Interdisciplinary Graduate Studies

University of British Columbia Okanagan



On Celebrating Learning


May 04, 2026

Note from the editor (yours truly): This post is not as carefully edited as I could've been. I wanted to publish this on the day of the event hosted by my institution as mentioned below. While I did have plans to undertake another round of edits in the evening, I received disheartening news about a relation's beloved pet shortly after I completed the first full draft of this piece. (Max, we love you.) All things considered, I've decided to publish this post as-is; perhaps it'll come across as more authentic that way anyway.

Footnotes (I am fond of them) are bracketed (example: [0]) in the body text and at the end of the post. My formatting options on this website are limited unless I succeed at additional troubleshooting. I recommend using the control+F or Find function for faster navigation.

This week, my institution is hosting a series of pedagogy-related talks and get-togethers collectively referred to as Celebrate Learning Week, all of this taking place (not coincidentally, I feel) in the beginning of May, just on the heels of what is plainly the most taxing month in our academic year. Kicking off Celebrate Learning Week was a keynote speech on what a liberatory education might look like and what challenges educators face in making such a thing manifest. It was a nice talk that I’ll discuss in more detail soon, but from about halfway through the talk, through a reflection/journaling activity, and into the Q&A session at the end, something was weighing on my mind.

When it come time for the Q&A session, I hesitated to submit a question at all (though audience participation was much encouraged). The speaker had much to say in response to plenty of perfectly good questions; I somewhat doubted how much I would be adding with my contribution or what other questions I might crowd out with my own. Nonetheless, partway through said Q&A, something was pushing hard to come out of me. In my hurry, I wrote (paraphrasing here):

“I really like this idea of pursuing a more liberatory education, but I can’t help but think about how higher education has been industrialized and commercialized. A large part of our work, too, is credentializing students for their future careers. I’m still thinking about how we find liberation in the face of all of this.”

The speaker had a good, detailed response to this. Unsurprisingly, the overall heft of her message was that we can’t realistically expect to change such a macro-level dynamic (my words), but rather that solutions are “all about small steps and opening small spaces” for the changes we want to see. That yes, educators have to ensure various SLOs are met and have to attend to various other institutional priorities, but we can try to get there in a way that’s more authentic. We can focus on being relational in our classrooms (students, she said, are starved for this); we can be creative in how we aim to accomplish education goals. And, not for the first time that day, she mentioned the need to have hope.

It seems all of this is necessary, not the least hope, because our circumstances here in higher education are rather dire. (I say this as a PhD student and an academic employee in Canada; I can’t imagine things are better for, say, American colleagues.) I won’t expound here on the macro-level problems facing higher education today, as I figure anyone reading this out of personal interest is broadly familiar. I do feel compelled to expound on my subjective view of things.

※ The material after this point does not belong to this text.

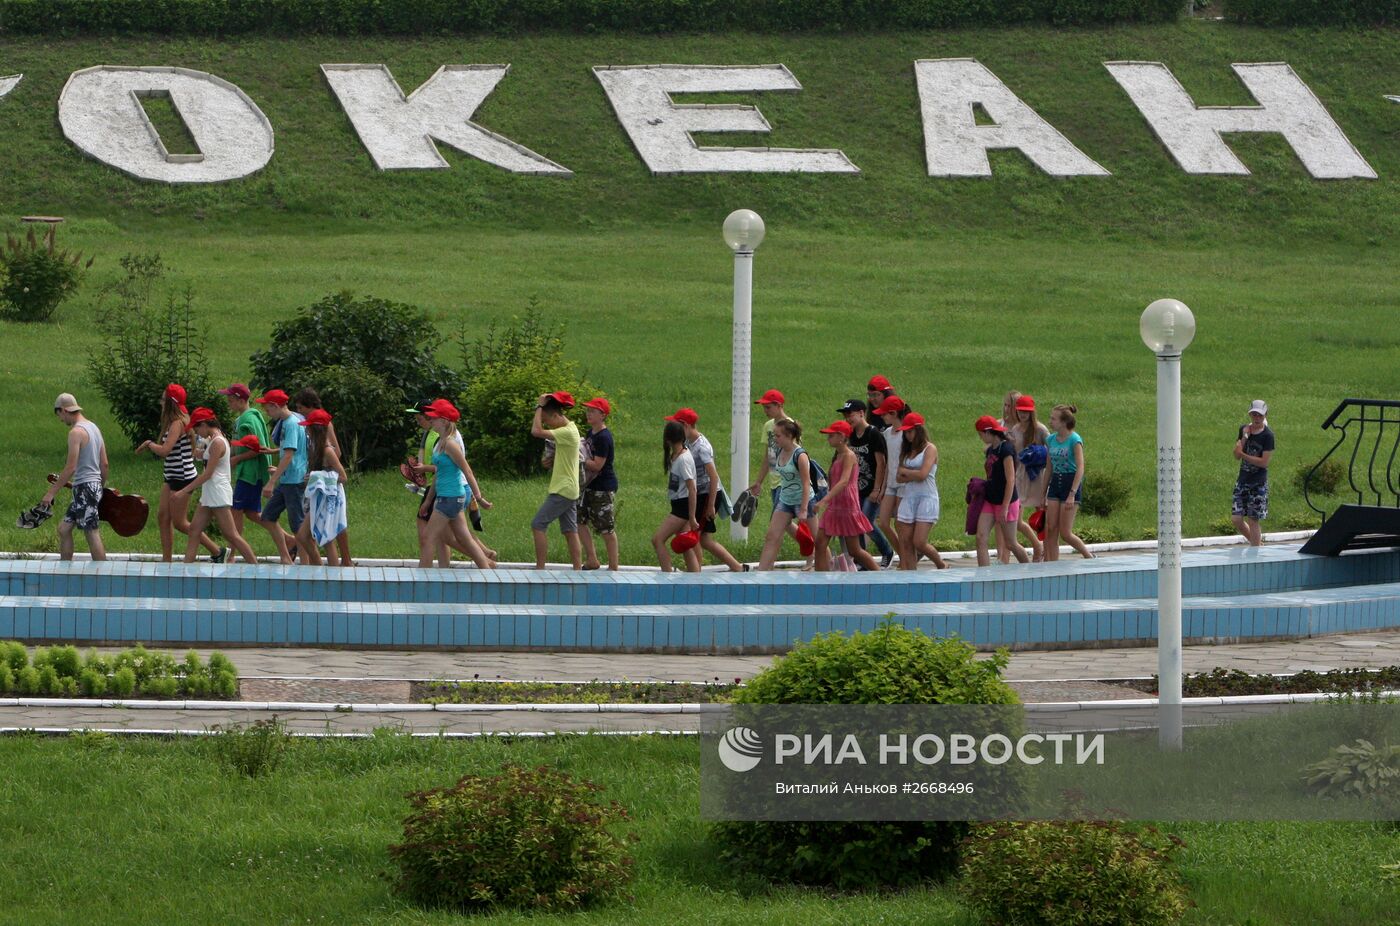 Всероссийский детский центр "Океан"

The keynote itself was quite good. I appreciated that rather than being happy and peppy about the learning we were to “celebrate” this week, the speaker was generally frank about the seriousness of burnout in academia, the systemic (not mainly individual) nature and causes of this burnout, and how we as academics might consider supporting each other, and our students, in doing something about it. The talk did get to be quite heady in that customary academic way at times (longstanding problems reframed through theories and matrices, that sort of thing); more to its credit, the talk surveyed a reasonably thorough cross-section of recent writings on collective action, liberation, and the like. Perhaps halfway through the talk, however, while the speaker was discussing care and hospitality (not in the service industry sense) in the classroom, a question popped into my head: Can we really do all of this?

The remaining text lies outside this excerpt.